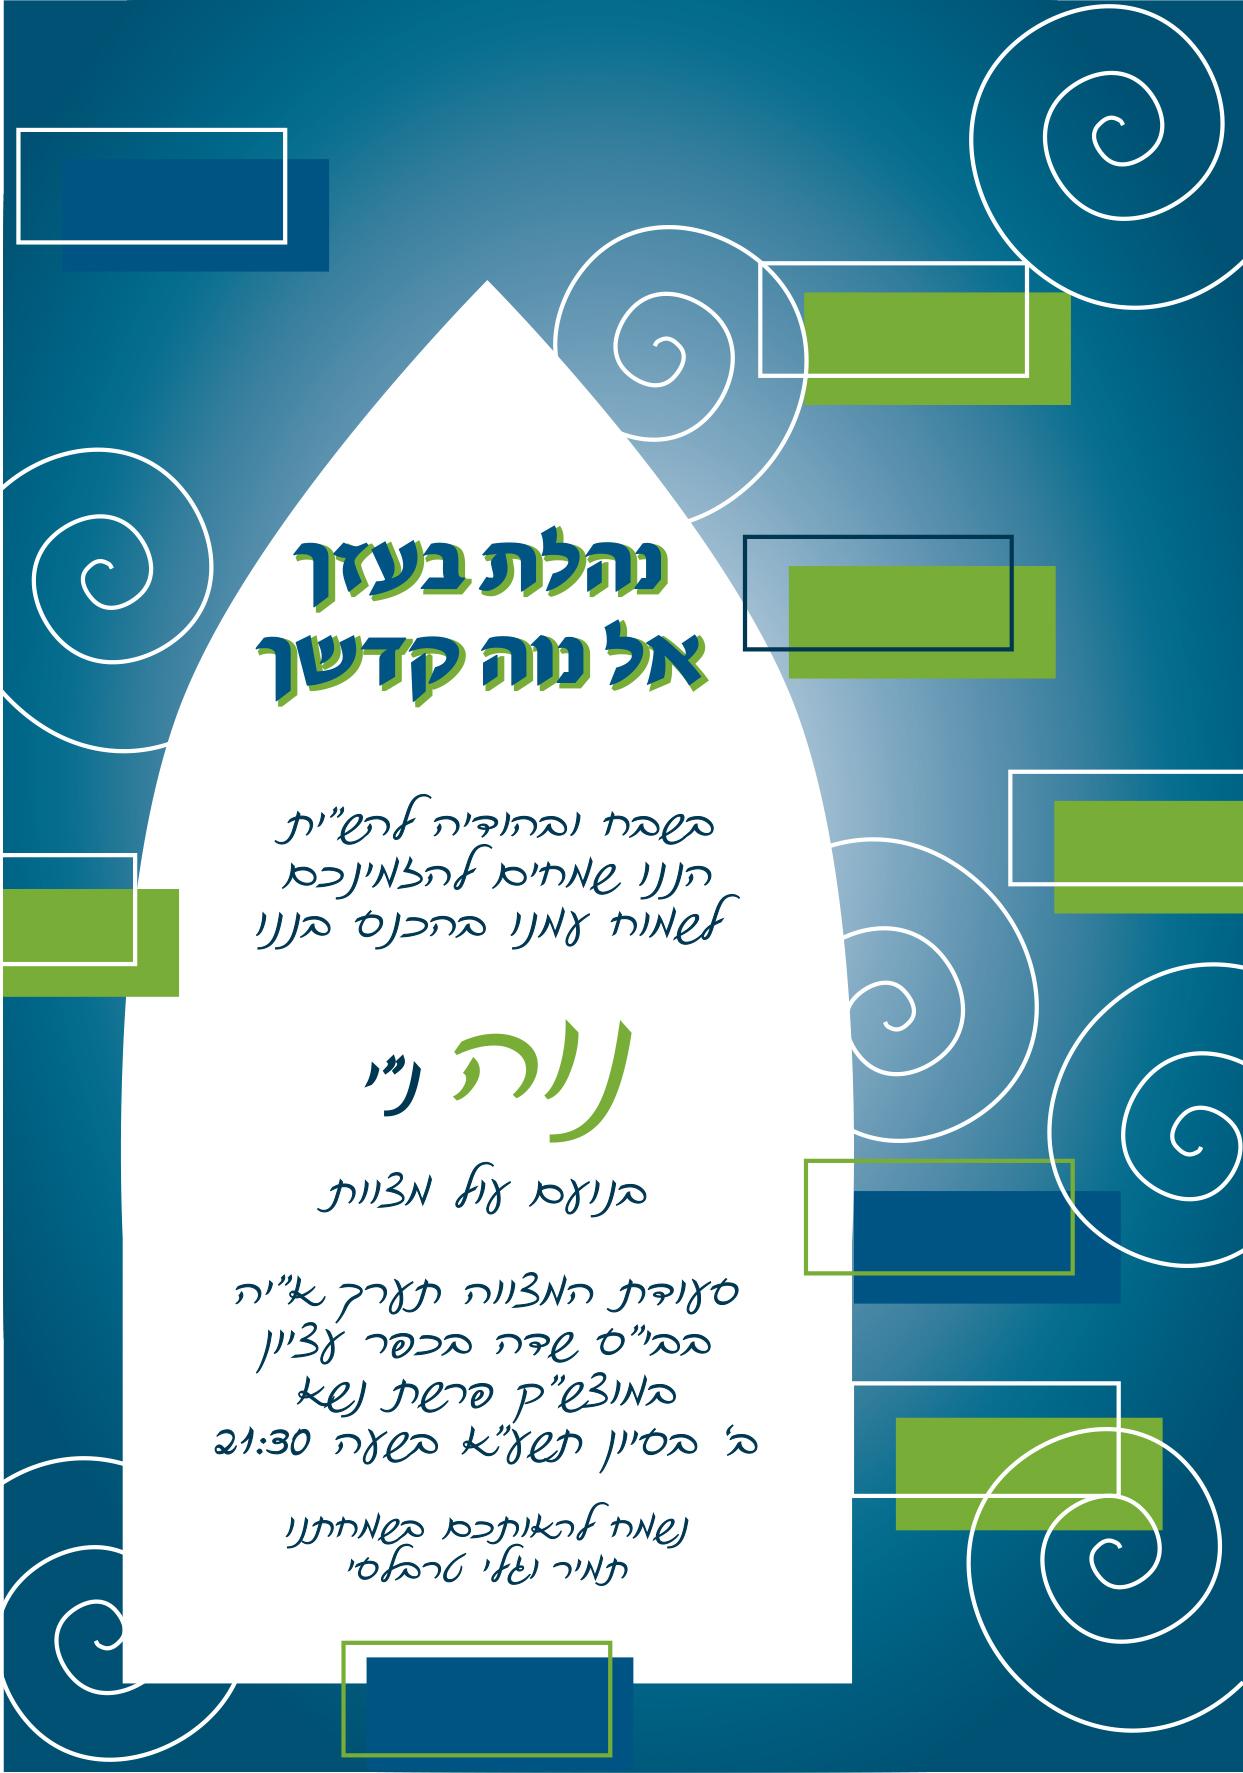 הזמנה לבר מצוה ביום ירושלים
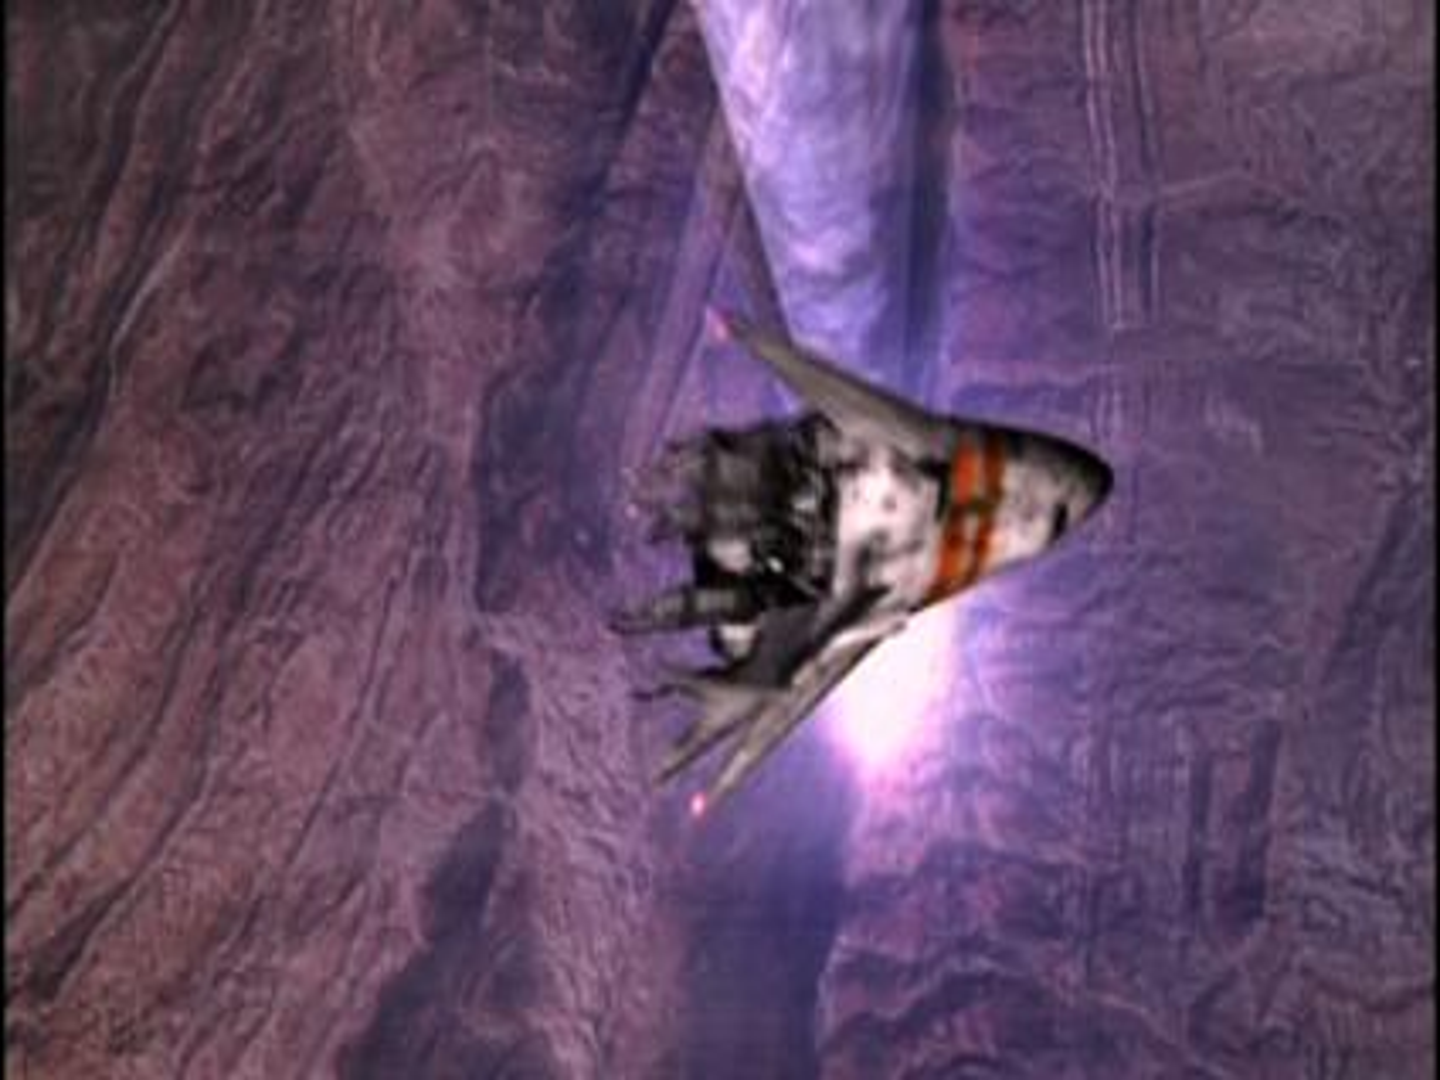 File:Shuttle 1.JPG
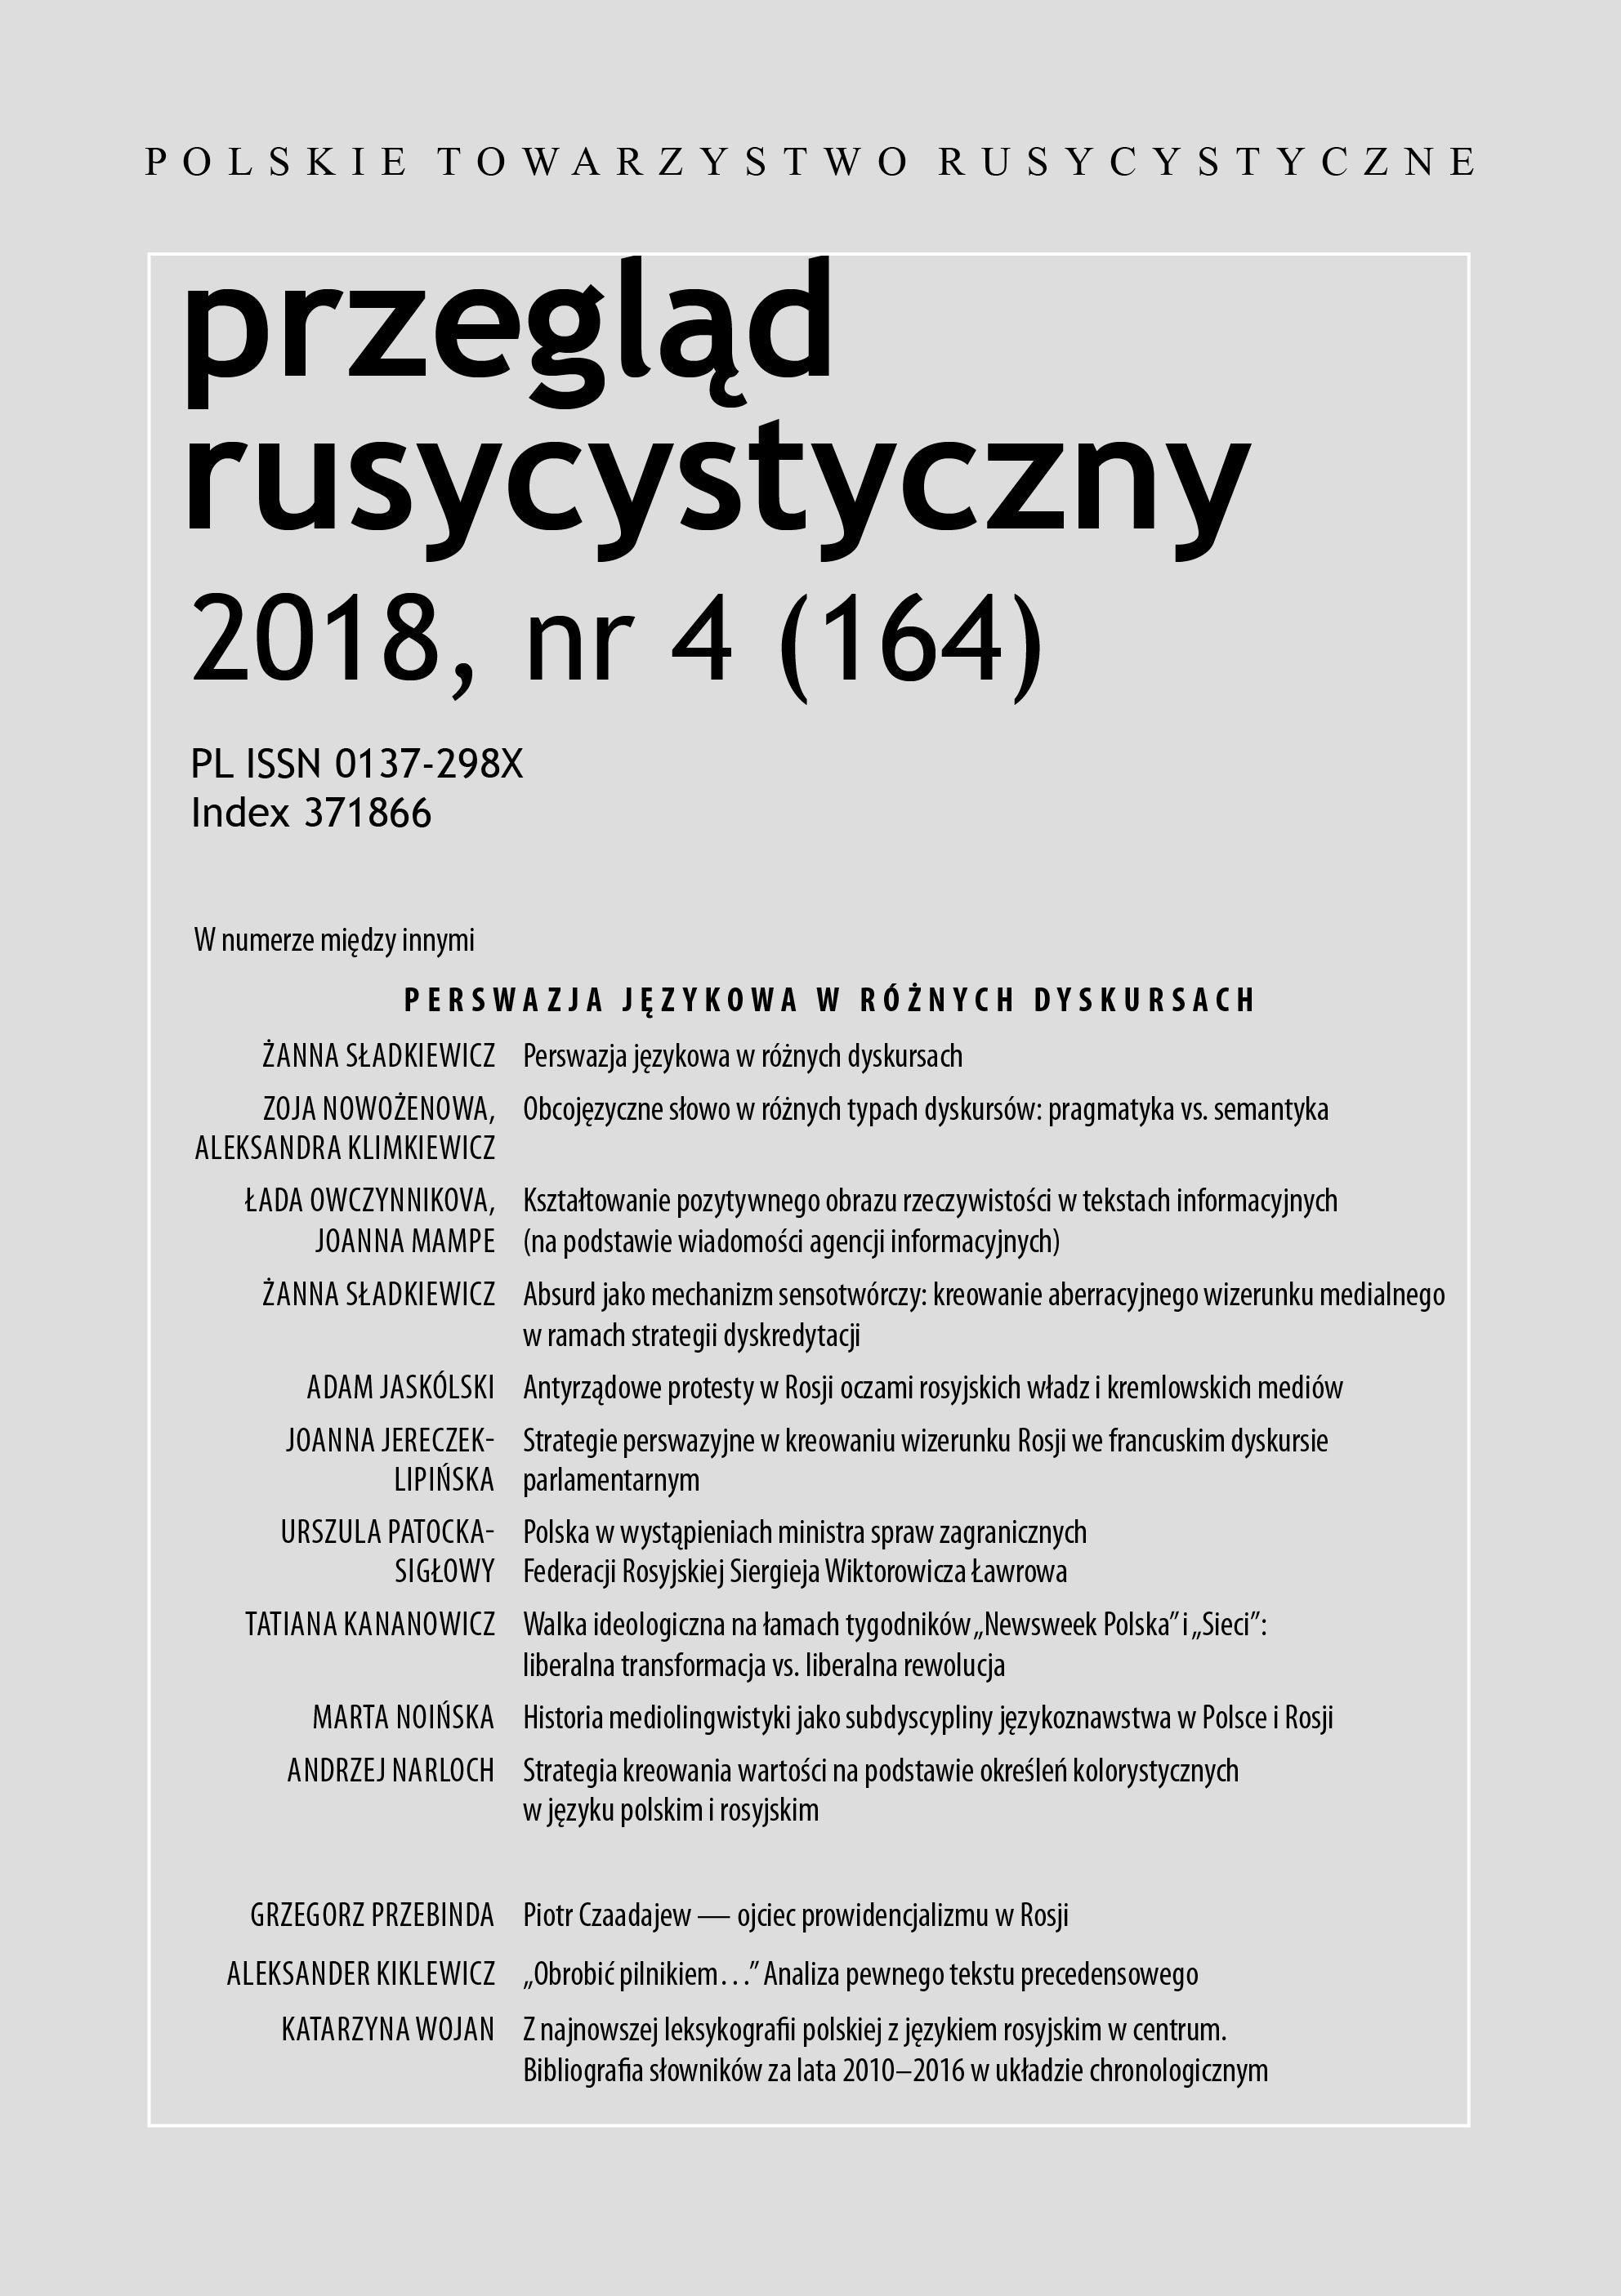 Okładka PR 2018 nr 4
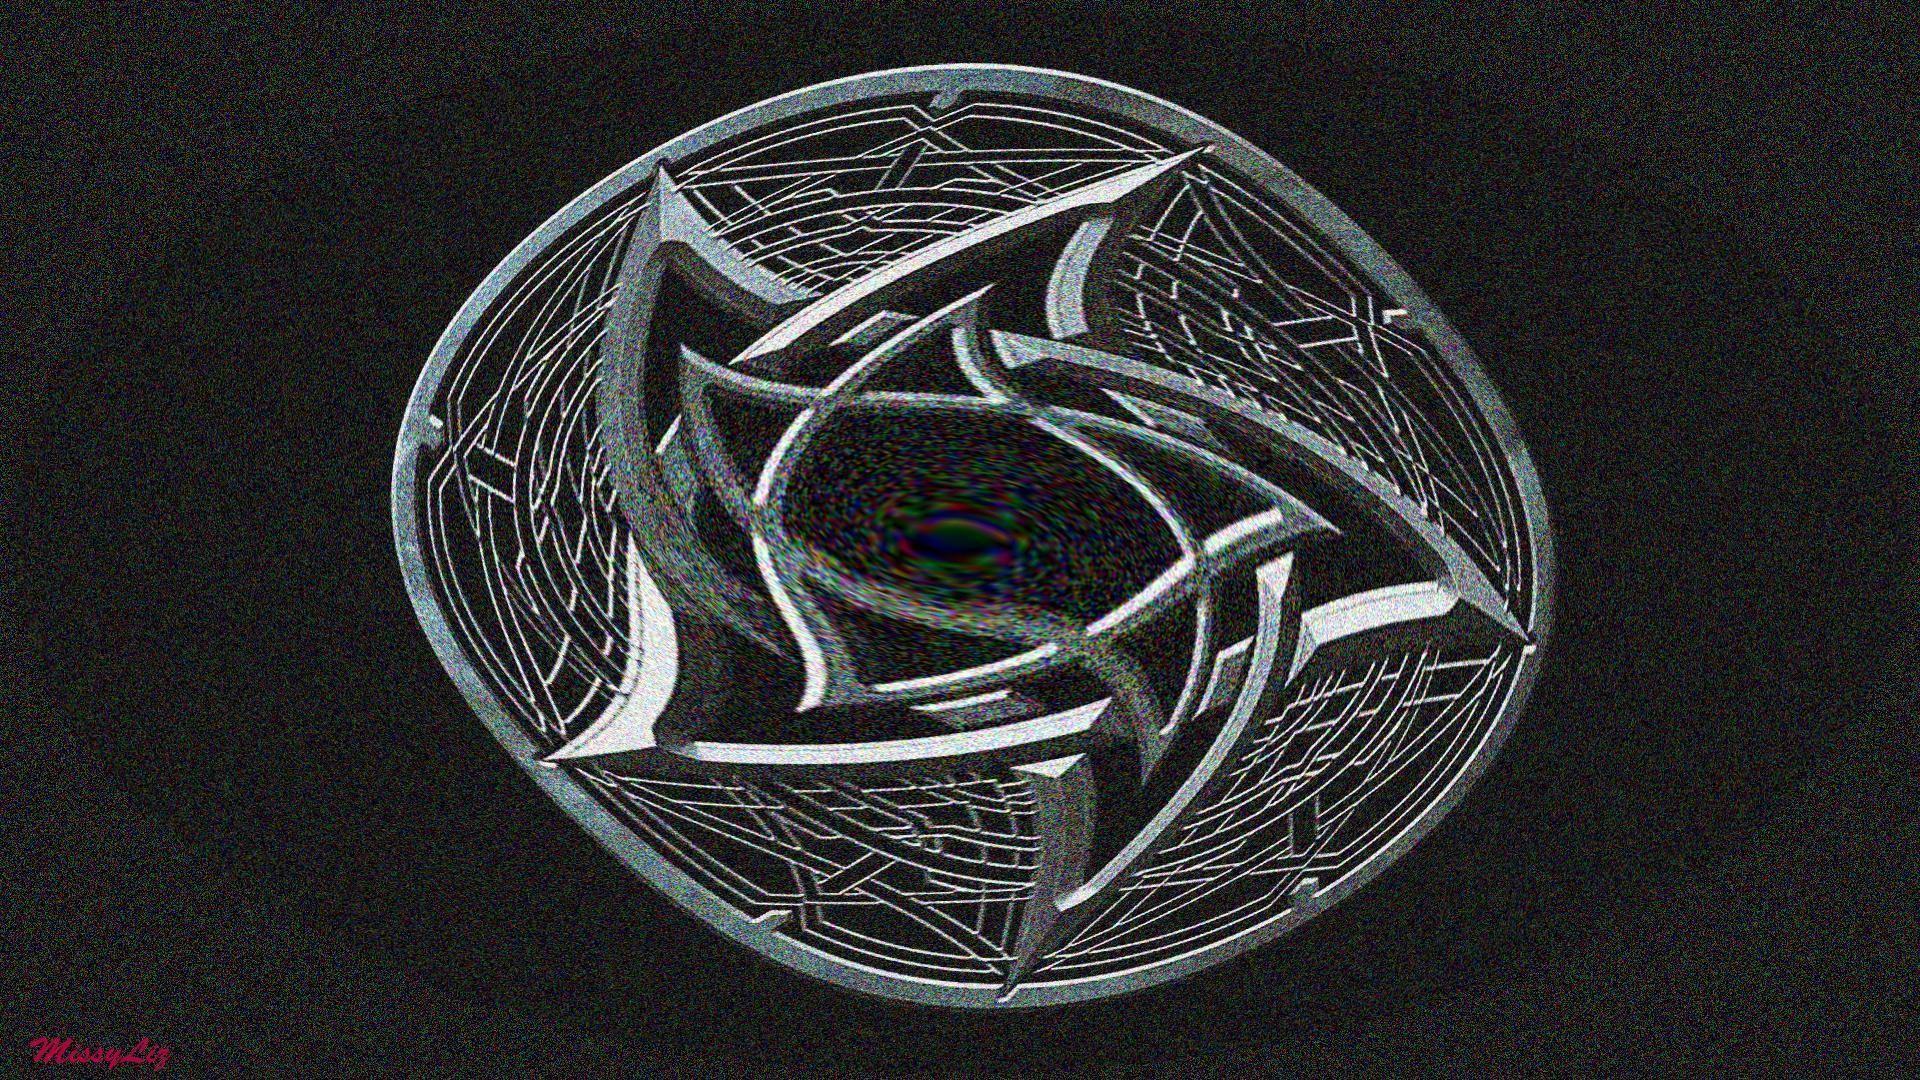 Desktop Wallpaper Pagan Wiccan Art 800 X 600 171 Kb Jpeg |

● **Exercise**: When you repeat the material, keep every word exact and drop the pictures.

● **Task solution**:
 הזמנה לבר מצוה ביום ירושלים
 File:Shuttle 1.JPG
 Okładka PR 2018 nr 4
 Desktop Wallpaper Pagan Wiccan Art 800 X 600 171 Kb Jpeg |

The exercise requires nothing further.